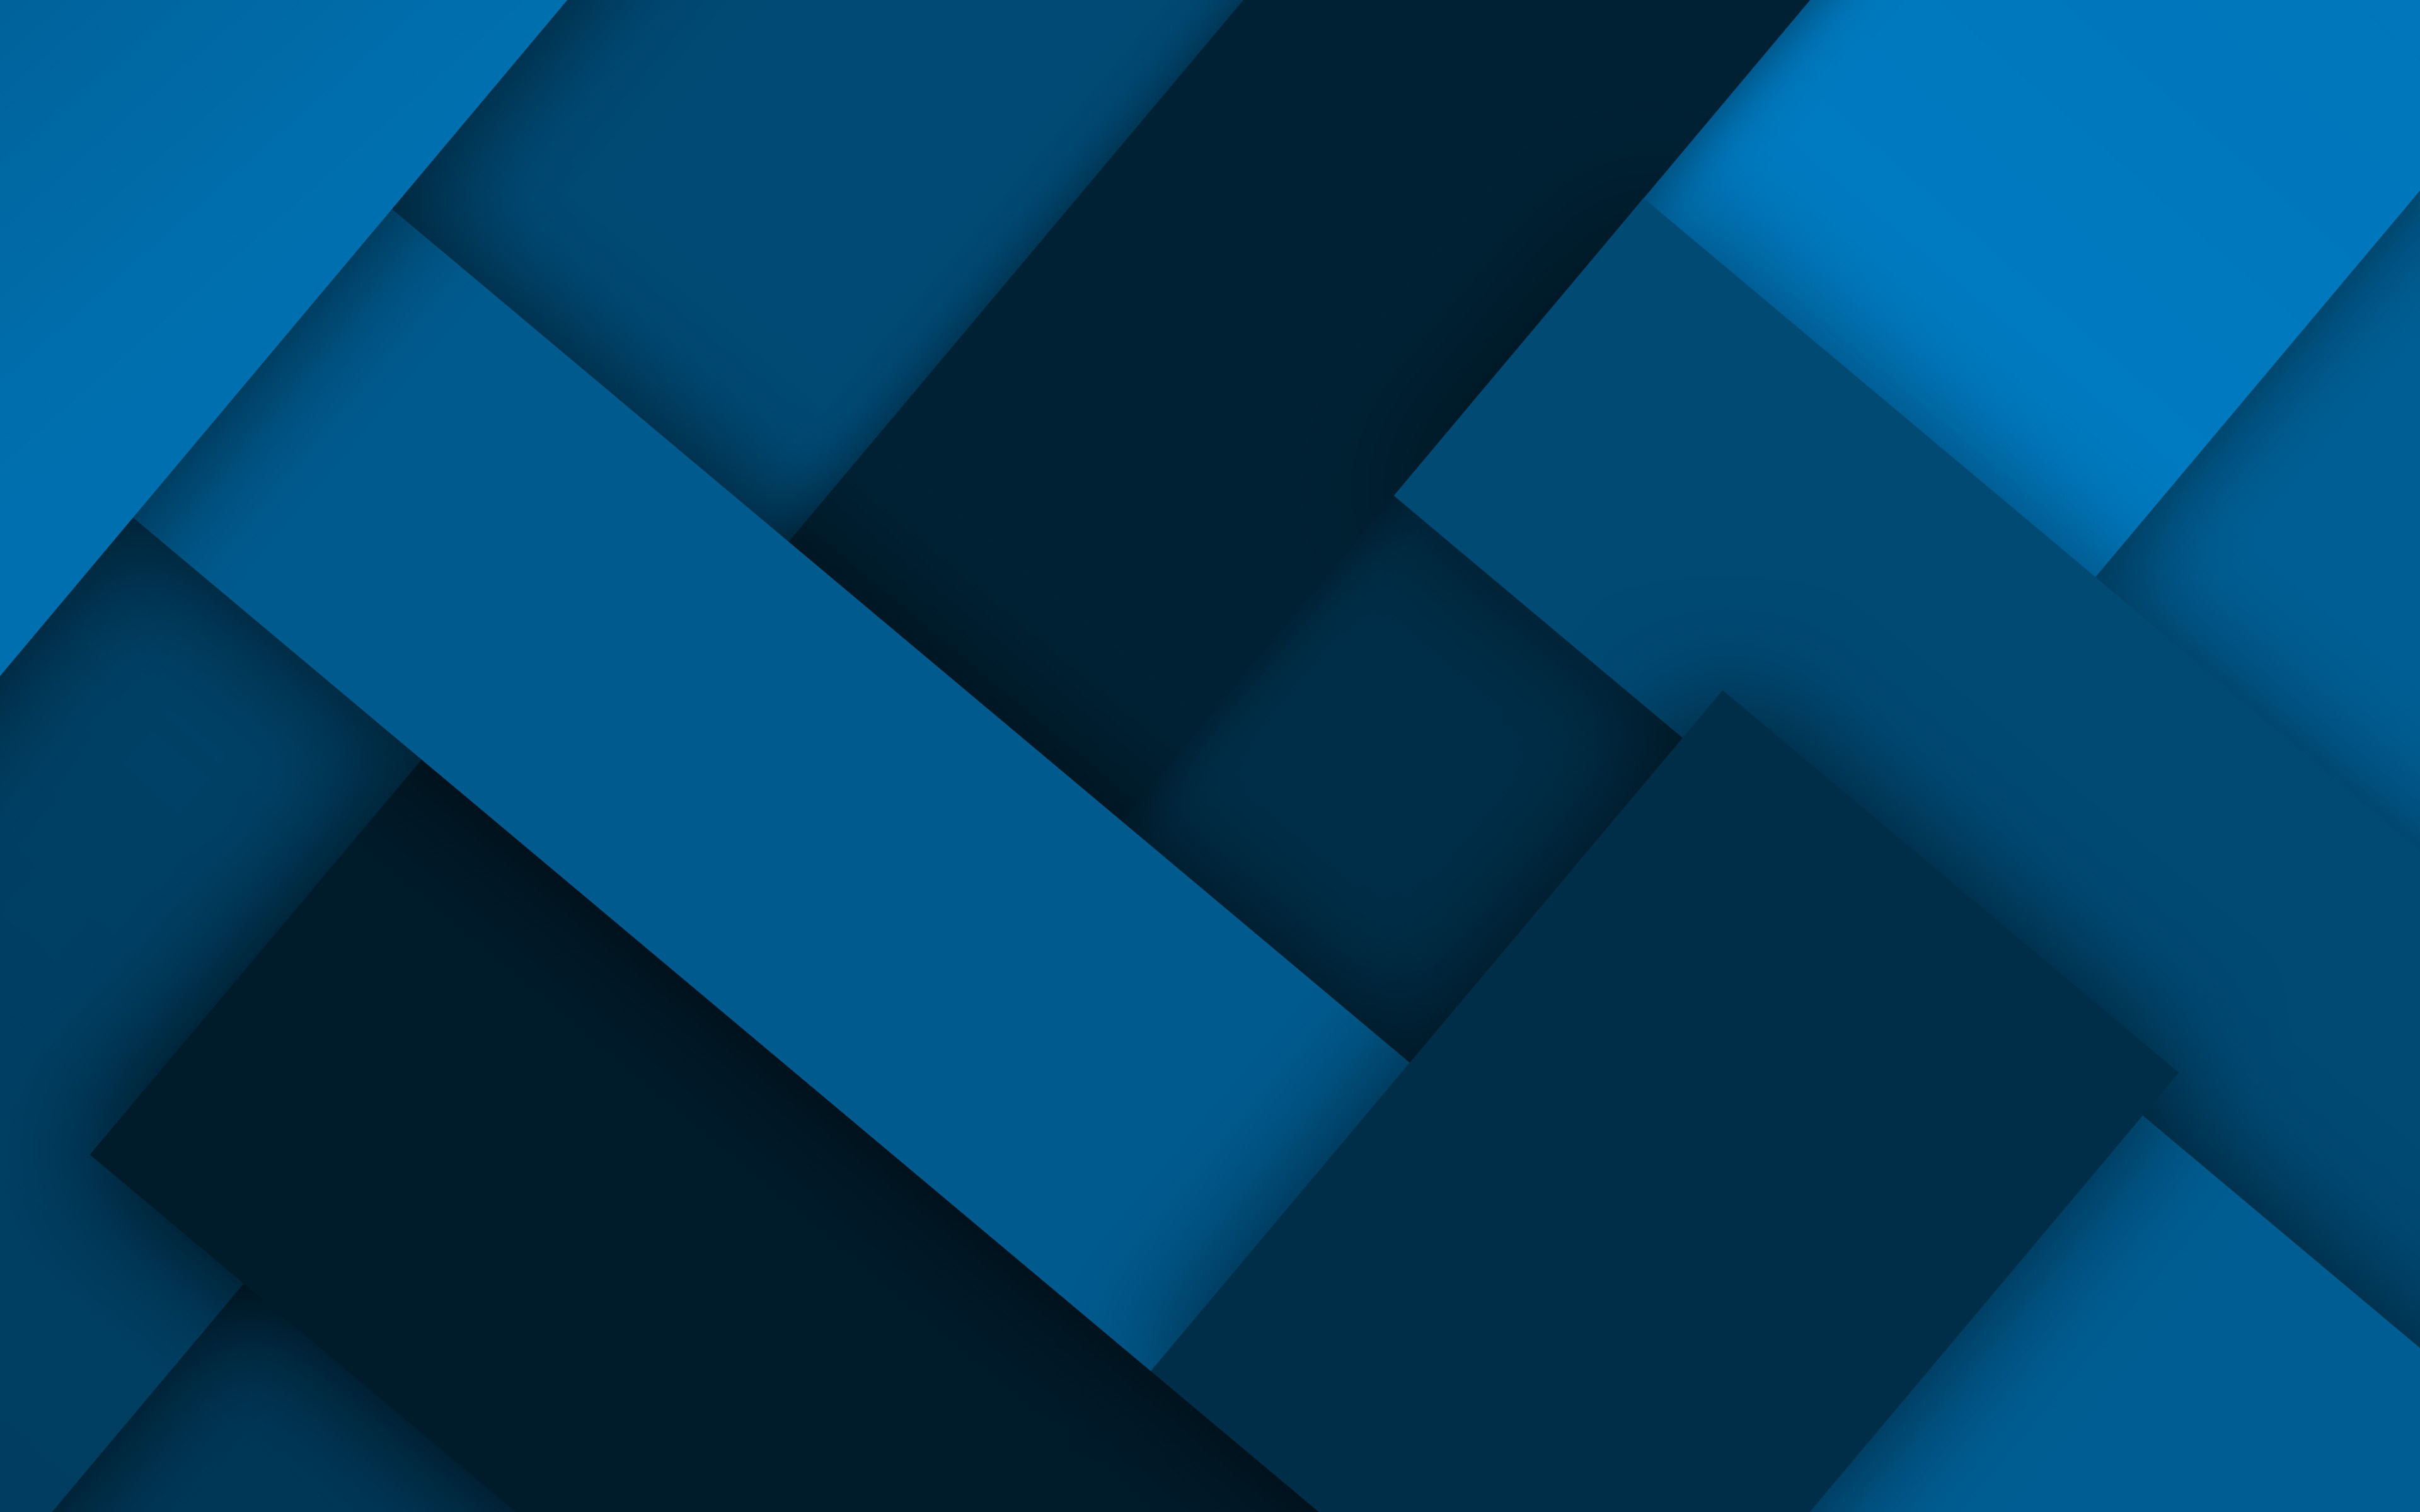 Blue Lines, 4k, Material Design, Creative, Geometric - High Resolution Material Design - HD Wallpaper 
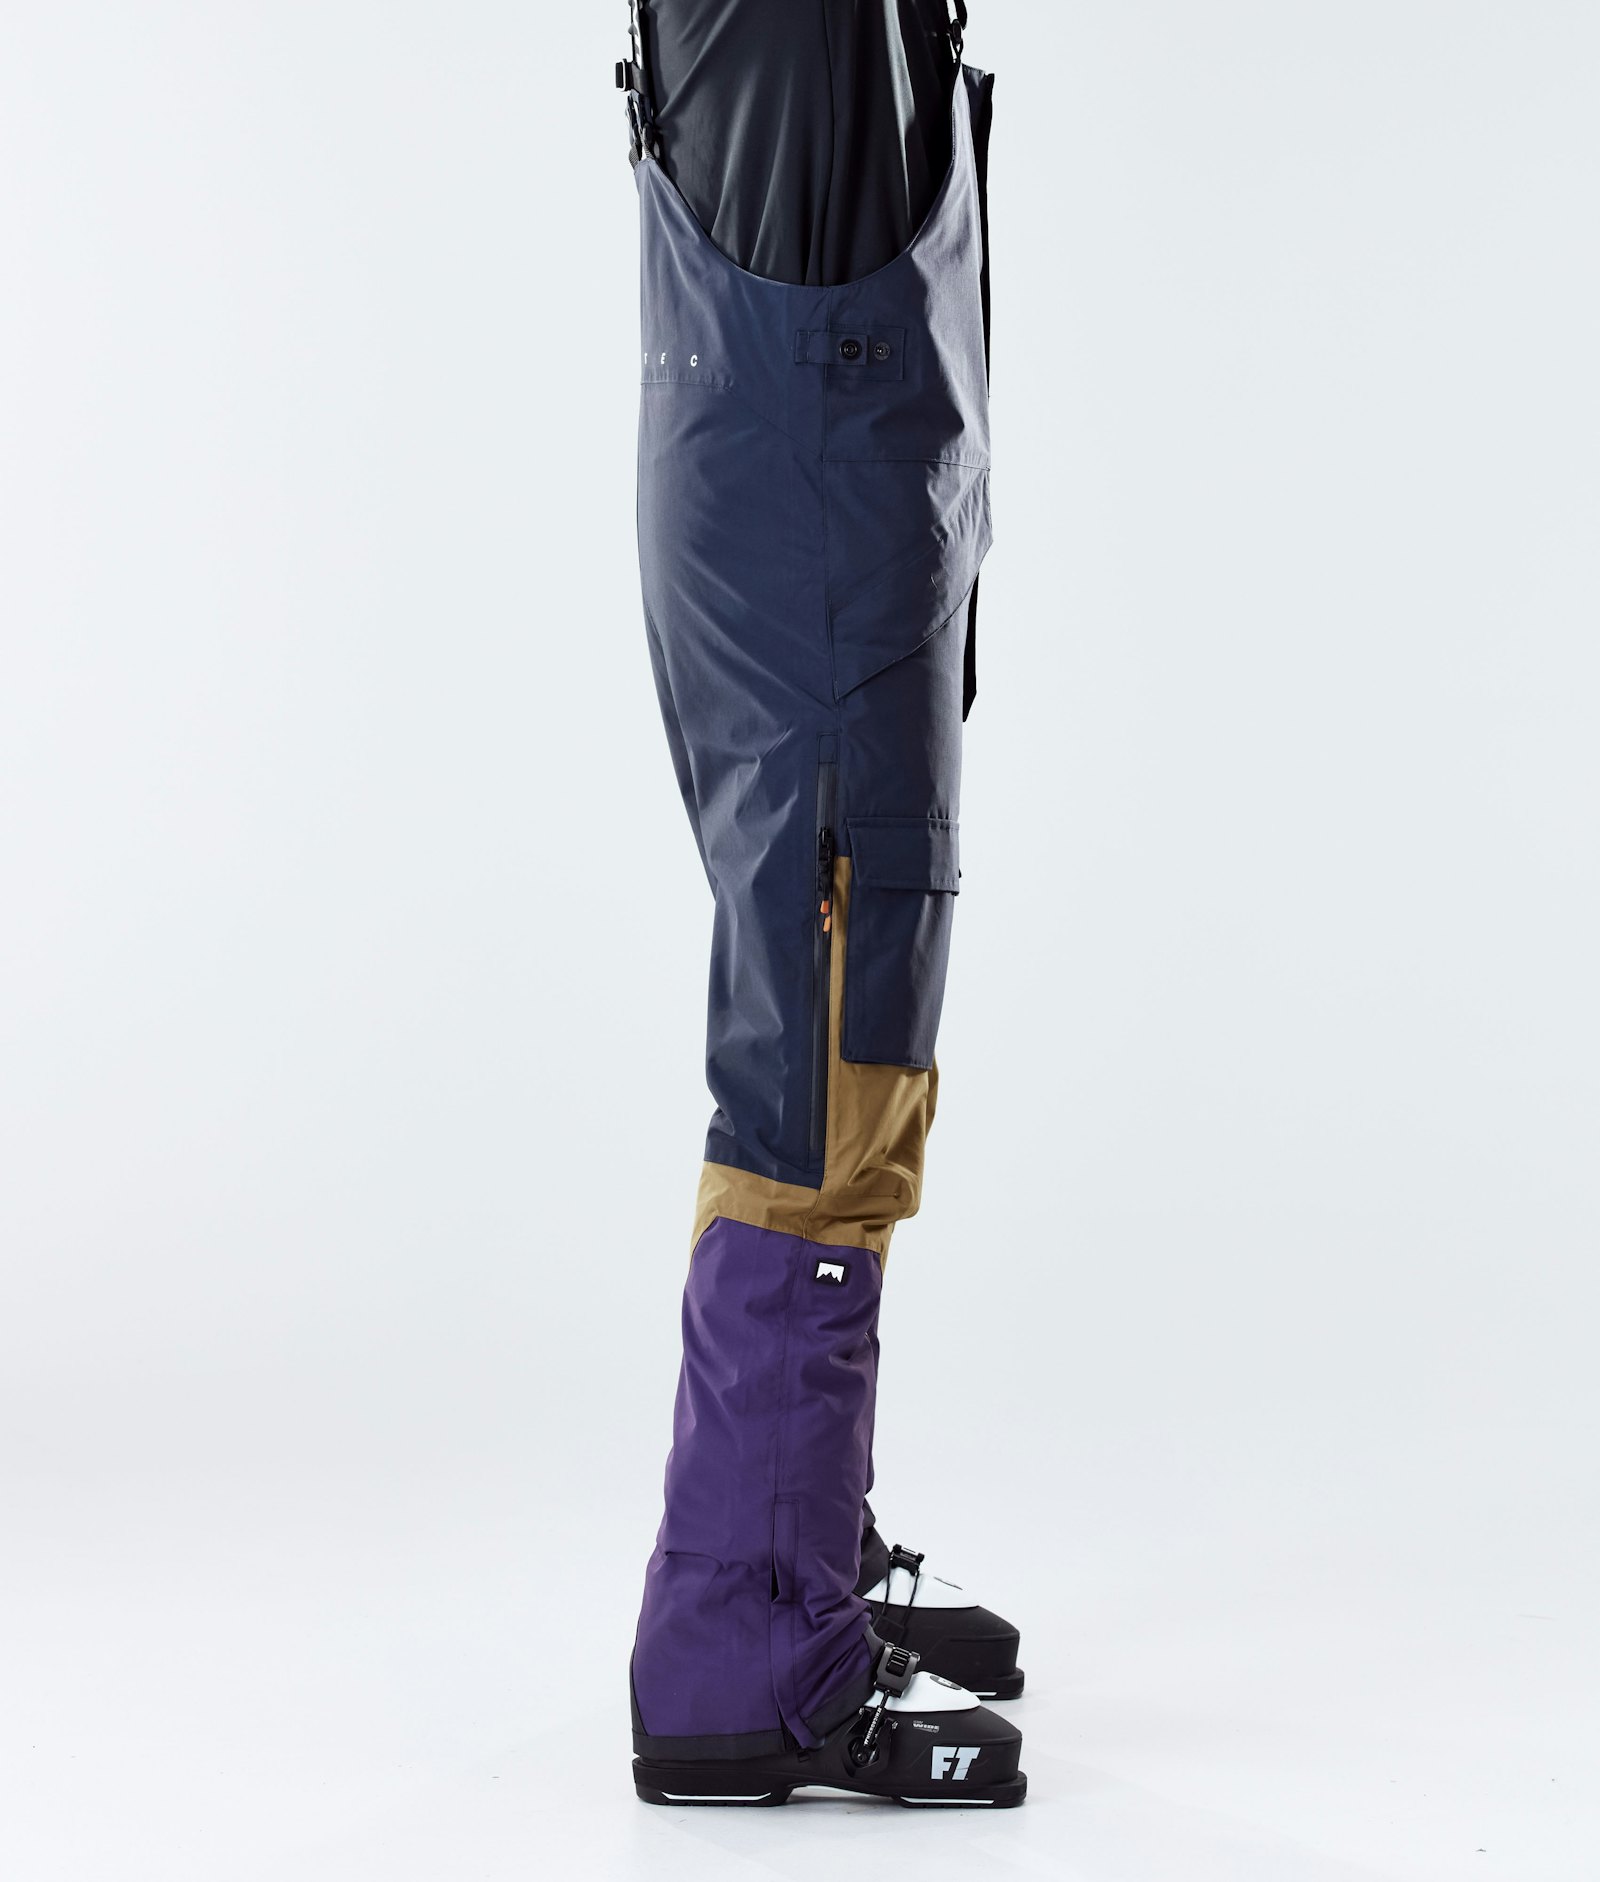 Fawk 2020 Pantalon de Ski Homme Marine/Gold/Purple
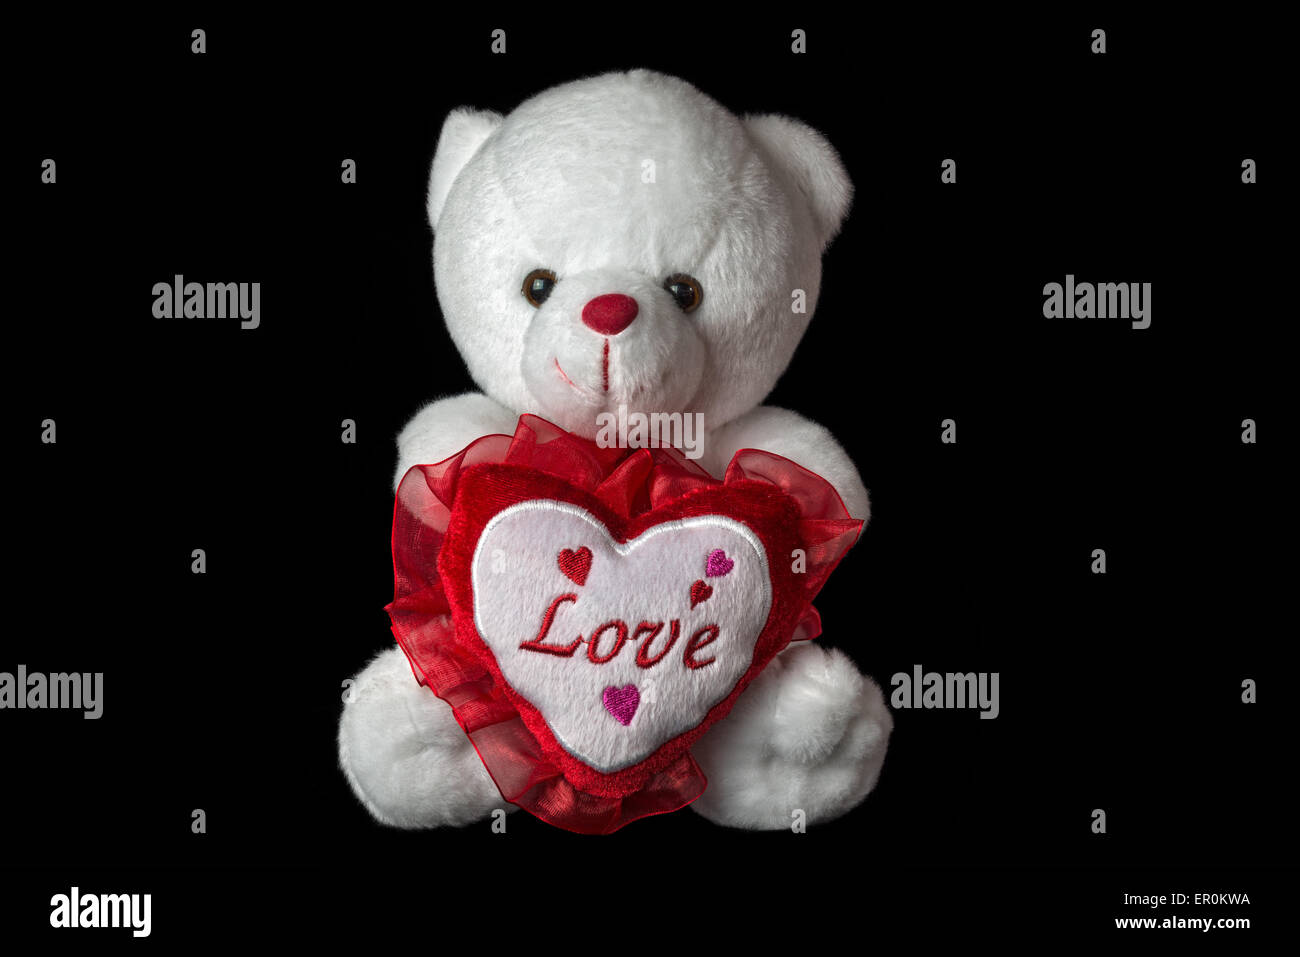 White teddy bear isolated on black background. Stock Photo
• • • • • • •
» **TASK INSTRUCTIONS**
Drop the pictures and set down the data above exactly.

» **RESPONSE**
 Blue Lines, 4k, Material Design, Creative, Geometric - High Resolution Material Design - HD Wallpaper 
 Fawk 2020 Pantalon de Ski Homme Marine/Gold/Purple
 White teddy bear isolated on black background. Stock Photo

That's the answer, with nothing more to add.